Let’s see. Imagine you have a UI blocks that you use to, well, let’s say, show a tabular data. My code basically wrote a renderer that renders these tabular data with the UI blocks from this mythical framework. I wrote the entire set of data model and the renderer quite some time ago. It exposes many APIs and event hooks for other programmers to write additional features into the table (say, make the table sortable by its headings). Myself and others have added several other features into the table and it gets blown up. The problem is, the renderer assumes a 1 row per logical data, and pretty recently, it is started being used to render a table with several rows per logical data (where several is variable, even within one table). The model and renderer still works properly. But the API that exposed the rendered table (say getRowUIElement, or insertRowOnIndex) fails miserably.

Instead of fixing the root cause (the renderer was not able to provide correct API for these new kind of tables), many chose to re-code their features by accessing the UI blocks directly, thus breaking the abstraction provided by the renderer. That was an easy fix for most of them though they are indeed very awkward (a pluggable feature require user to pass in a function that basically convert a data model index into an actual index in the UI block—if each logical data renders into three rows, this function will convert row 2 from the data model to index 6 in the actual UI block). Needless to say, the code became very messy.

When I encountered the same problem, I was in better position to solve this problem since I knew the code well. So I practically rewrote the renderer, which turned out to be a straightforward job (really, the actual diff was less than 40 lines on the code!). The nightmare began when I started to make all the new features work without hacks (who love ugly code? I don’t.). It was insane! These people are no doubt smart if they could think of all these sort of workarounds. Some of them actually worth a second look if only to appreciate the way the writer slips around the problem altogether. Yet, in almost all cases, it is infinitely easier to just change the renderer, rather than make all these features almost unreadable.

I lack sleep now, but I think it’s a job well done this time around (I don’t have many codes I’m proud of, but this is certainly one of them).

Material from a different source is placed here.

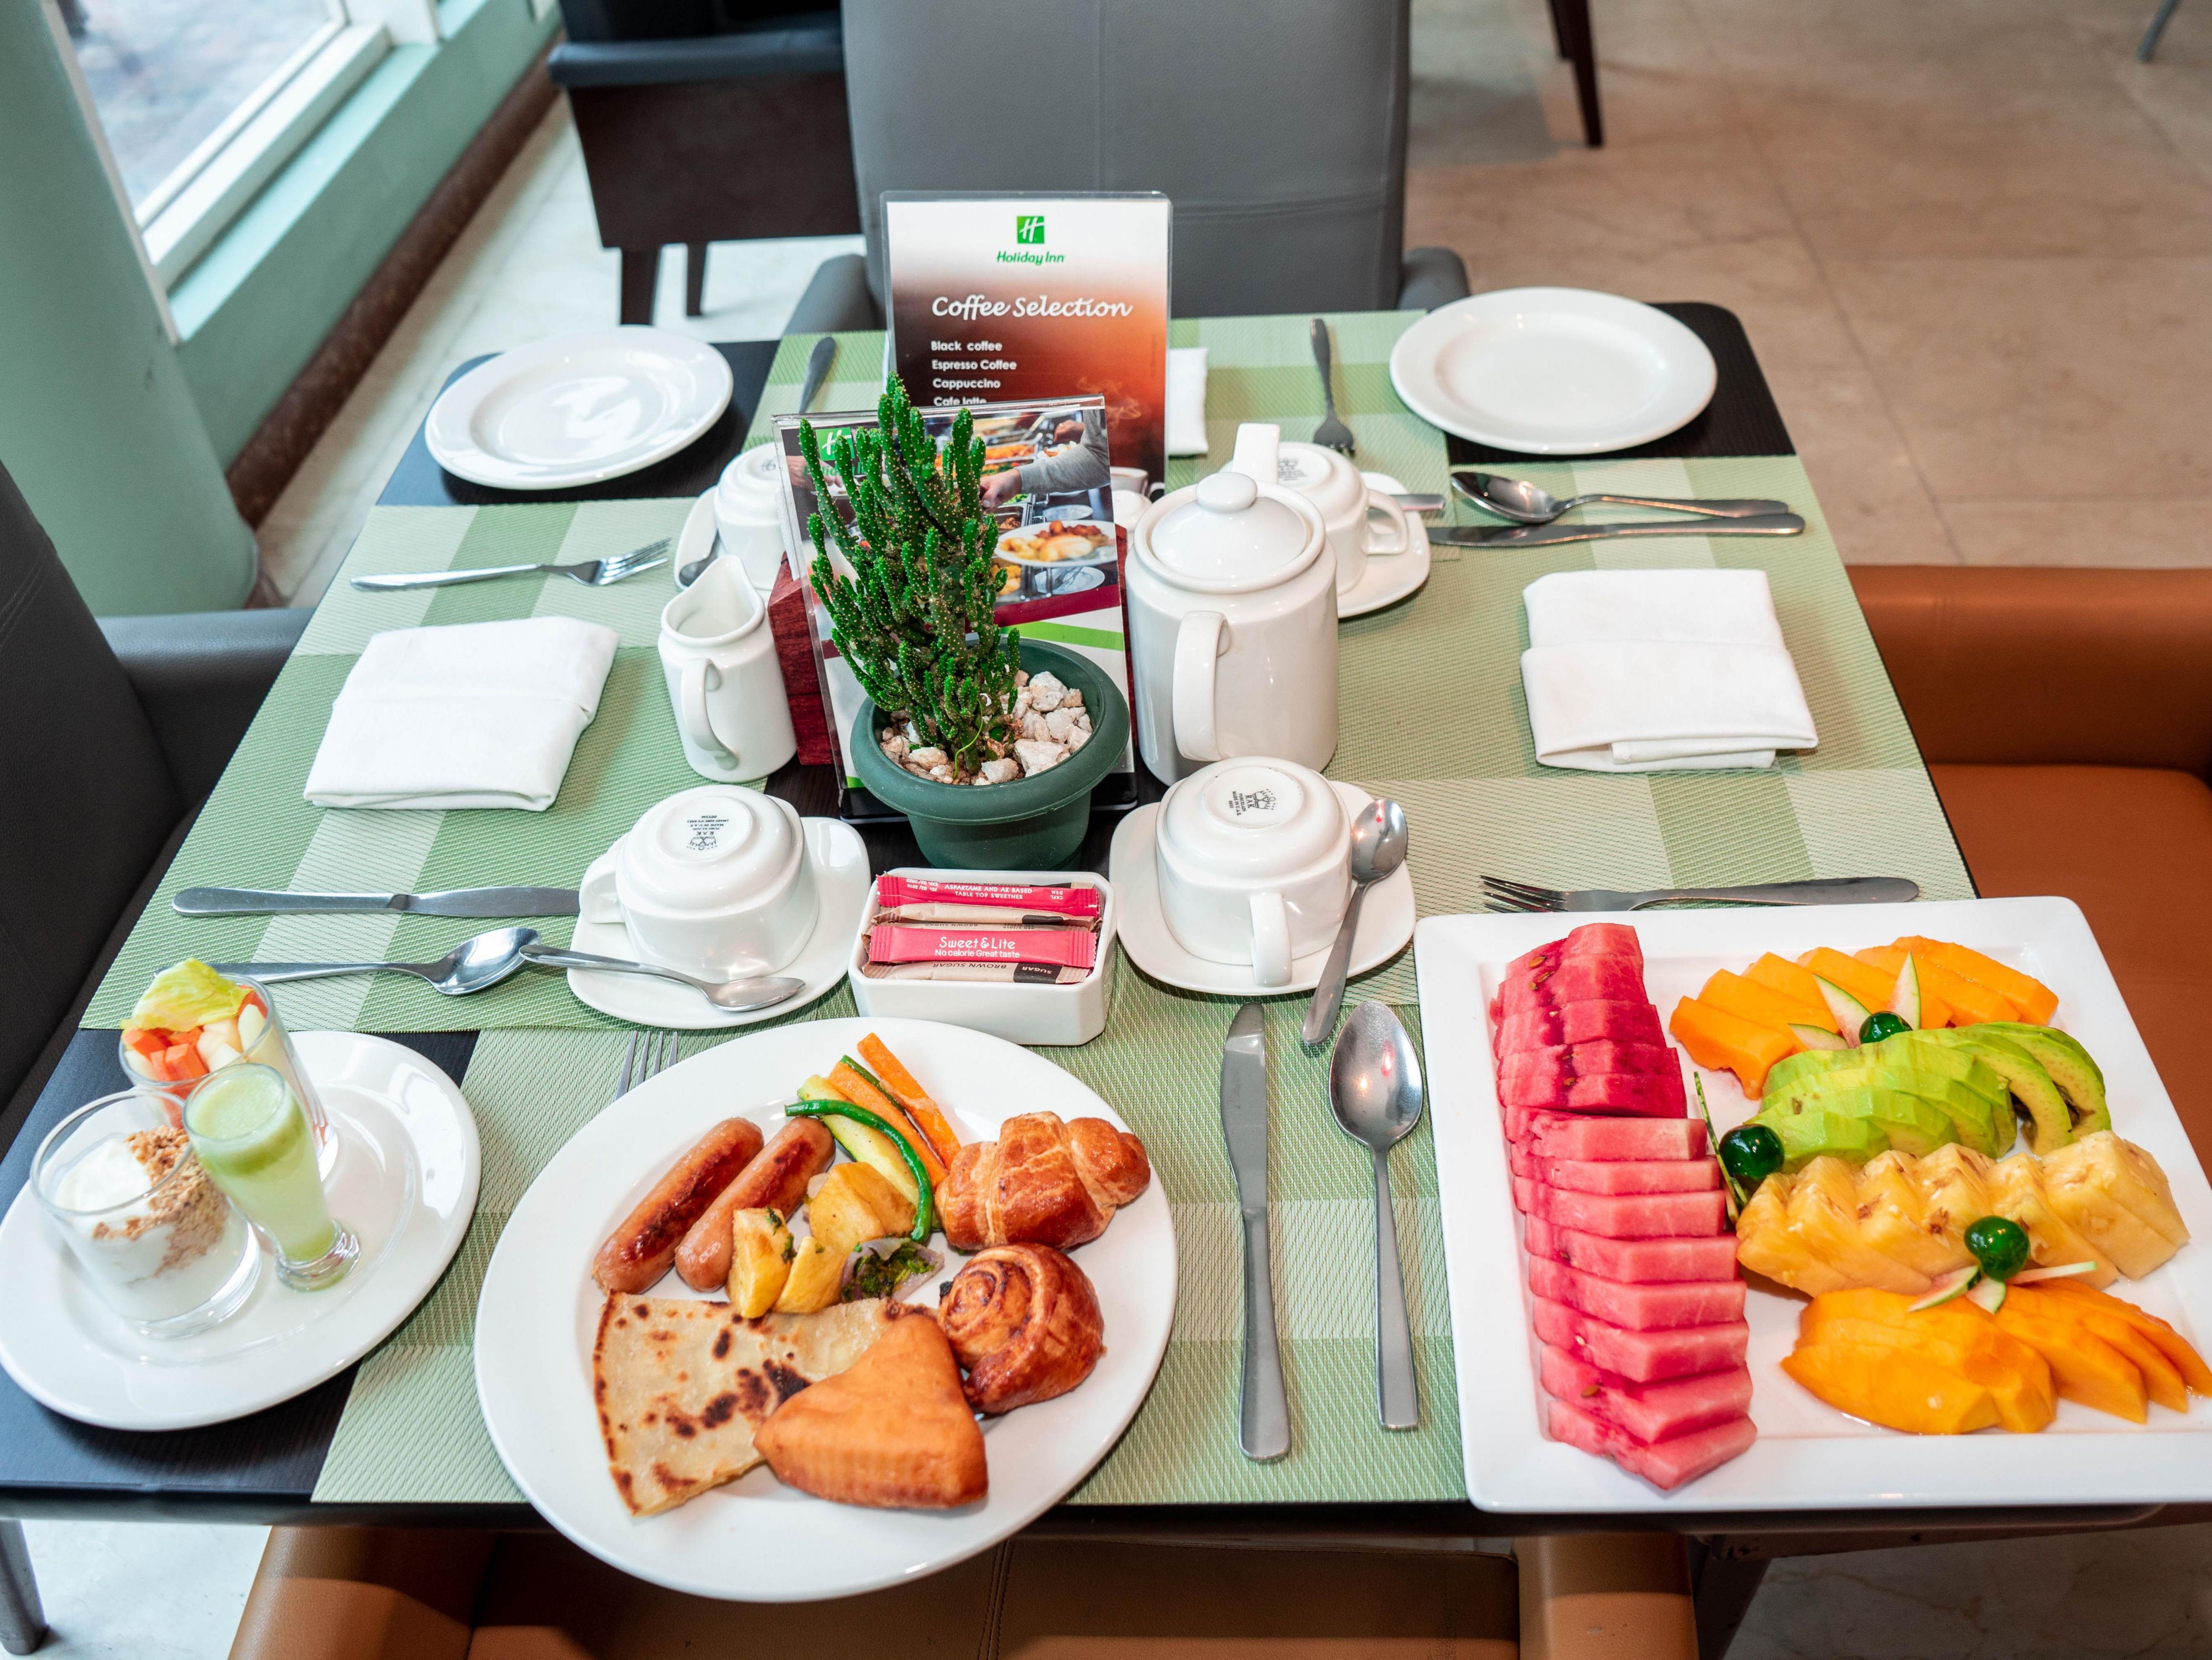 Enjoy the Full buffet breakfast everyday from 06:00 hrs till 10:00 hrs with wide variety of AFRO- Intercontinental cuisine
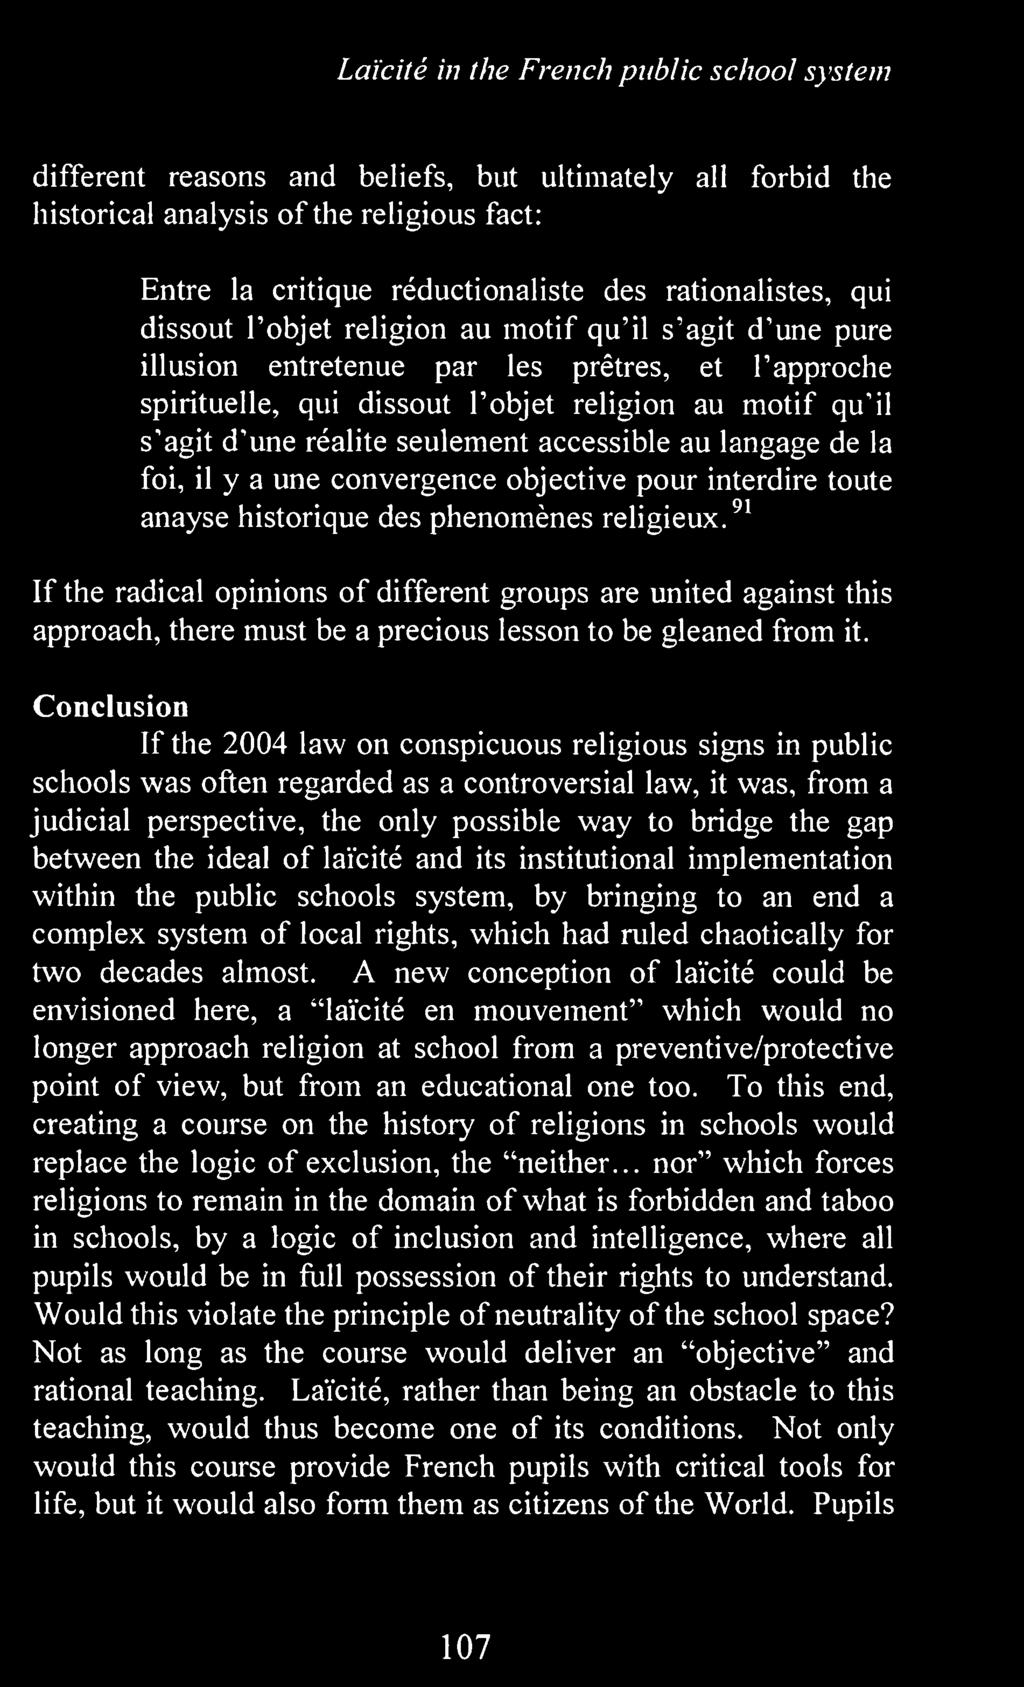 Conclusion If the 2004 law on conspicuous religious signs in public schools was often regarded as a controversial law, it was, from a judicial perspective, the only possible way to bridge the gap

Remember, think simple. Write simple code! Simple code is easy to maintain and easy to understand. Almost always, avoid workaround when possible. Try to discover the root cause.

Now there is the third kind of maintainer (see, I lied). The ones who wrote a workaround, filed a bug against the root cause, either fix the root cause (or get people who are more familiar with the code to fix it), and rewrote the workaround with the proper way. These are the guys you want when handling critical system. Hey, it’s true that solving the root problem is a good thing, but sometime you need to act decisive and fast. Workarounds may be the only way to push that piece of bugfix out before too many people got affected. But remember to fix the root cause! Remember, you do not want to build workaround around a workaround around another workaround (which seems to be pretty common nowadays).